The Ontario and Quebec divisions of travel insurer Blue Cross are suspending new sales of out-of-country emergency medical insurance for trips to Mexico and the Caribbean, in the wake of Ottawa’s decision to ban all flights to the popular sun destinations.

The directive takes effect Feb. 5 and requests for extensions of existing policies will only be made “on an exceptional basis.”

Blue Cross Ontario and Blue Cross Quebec did not respond to requests for comment.

The company’s policies vary province by province. Alberta Blue Cross has yet to reinstate the sale of new policies, which it suspended in March, 2020.

In an e-mail sent out to travel-insurance agents, Sylvain Charbonneau, chief executive officer of Blue Cross Ontario and Blue Cross Quebec, said the changes were made “in support of collective efforts to slow the spread of COVID-19 and to ensure the safety of clients.”

Last week, Prime Minister Justin Trudeau announced that Canada was halting all flights to Mexico and the Caribbean until April 30. Mr. Trudeau has also implemented a stricter quarantine policy, requiring all travellers who arrive in Canada to stay at a government-approved hotel for three nights, at their expense, until they test negative for COVID-19.

Airline operators WestJet Airlines Ltd., Air Canada, Sunwing Airlines Inc. and Transat AT Inc. cancelled flights to those areas. While Mr. Trudeau’s efforts have largely stopped travel for the one-week all-inclusive crowd and tour operators, Canadians are still able to access flights to Mexico and the Caribbean by booking flights that connect through U.S. cities.

For some Canadians – such as snowbirds – the stricter quarantine rules have prompted them to extend their travel plans in hopes of bypassing a hotel quarantine if COVID-19 cases begin to decline, says Marty Firestone, president of Travel Secure, a seller of travel medical coverage.

However, he said those longer-term travellers may find that they will be unable to extend their medical coverage under certain policies.

“COVID-19 is a very fluid situation and all travellers must be aware that what is available one day may not be an option for them the next day,” Mr.

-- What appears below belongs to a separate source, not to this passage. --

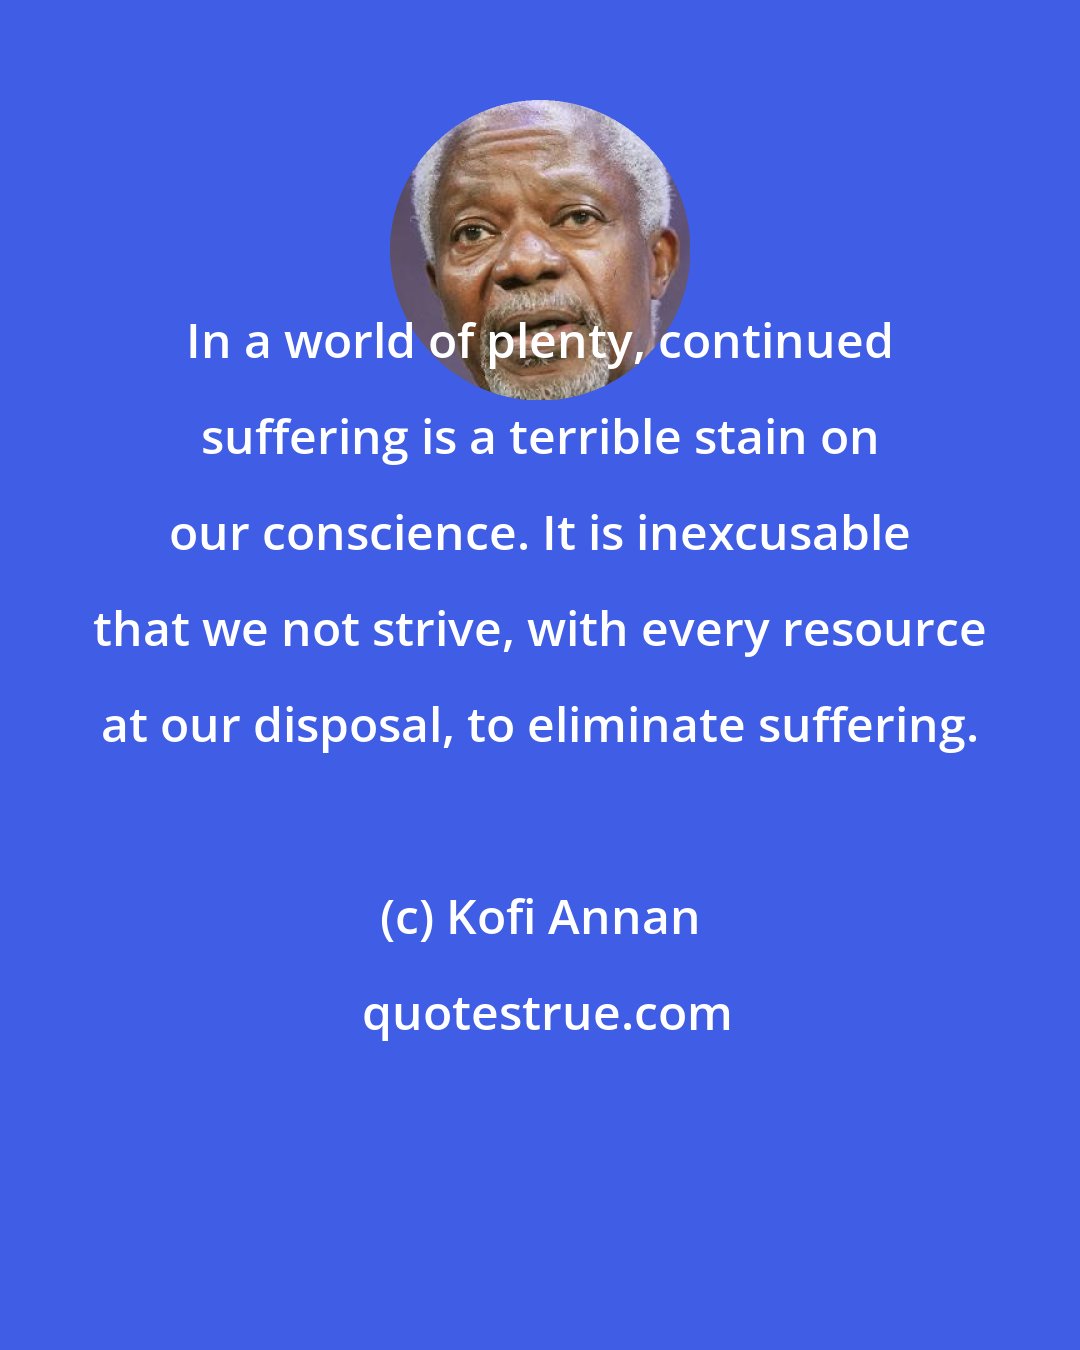 Kofi Annan: In a world of plenty, continued suffering is a terrible stain on our conscience. It is inexcusable that we not strive, with every resource at our disposal, to eliminate suffering.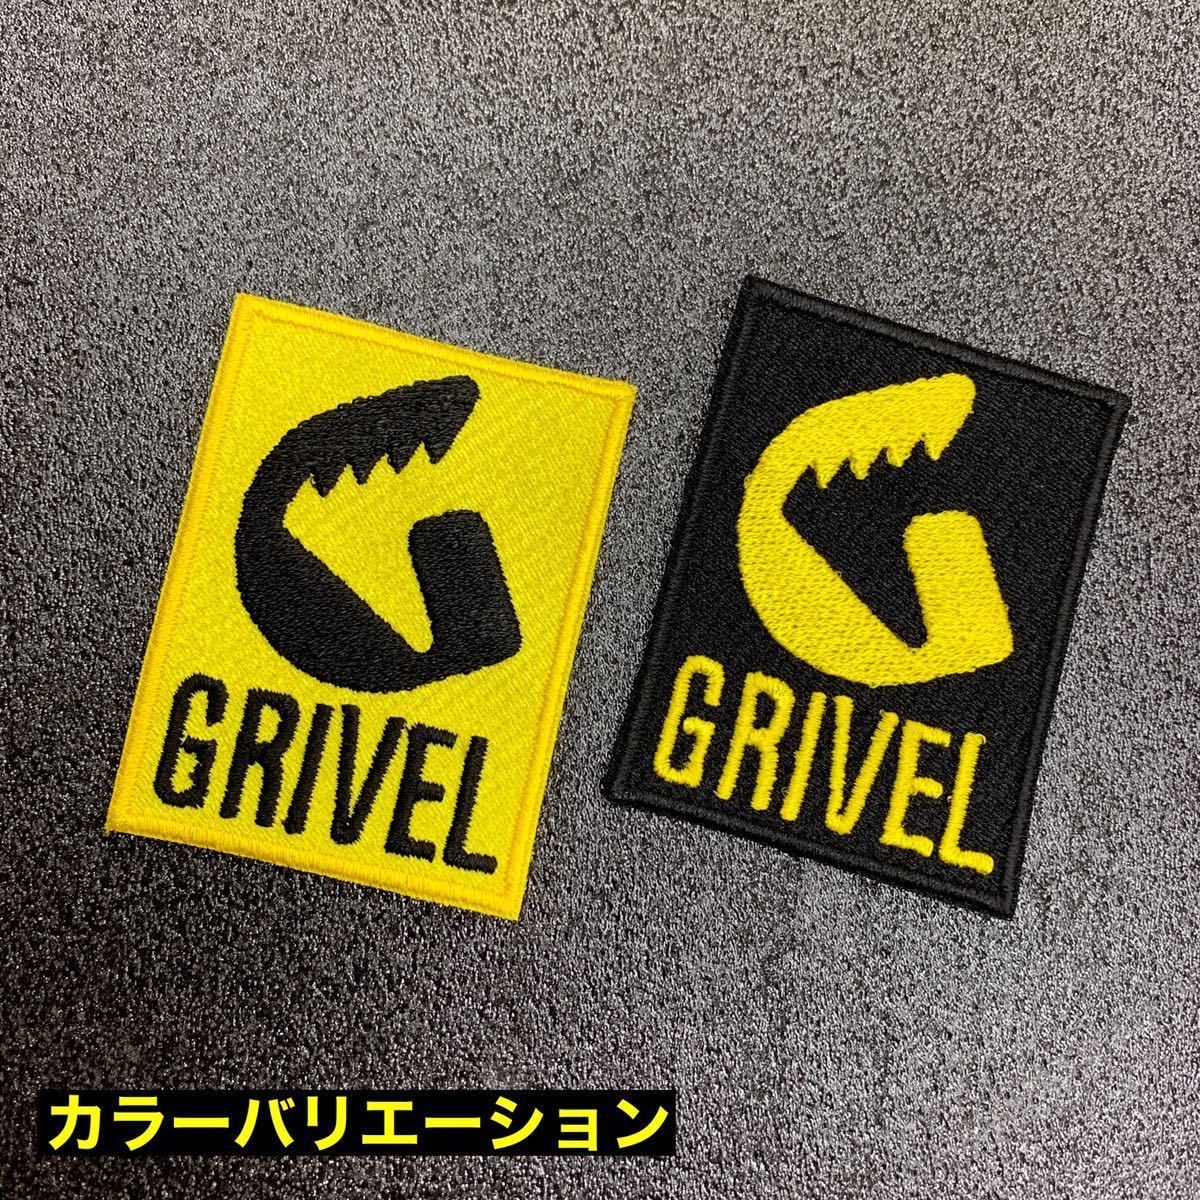  Gris bell GRIVEL Logo yellow iron badge patch - trekking mountain climbing rock-climbing camp sonntagpatches fixed form mail free shipping

Firestone said. “If you cannot get an extension to a policy that is about to expire, you better get yourself back to Canada – whether by plane or car – because you do not want to be out of the country without medical insurance in any environment, let alone during a global pandemic.”

It is yet to be seen if other major travel insurers in Canada will follow suit. TuGo travel insurance’s chief customer officer Brad Dance confirmed that the company had not cancelled any travel-insurance sales for any specific destinations.

Julia Koene, a spokesperson for Allianz Global Assistance, told The Globe and Mail that the insurer currently has no plans to suspend sales to Mexico or the Caribbean.

Canada’s largest insurer, Manulife Financial Corp., declined to comment on its travel-insurance policies.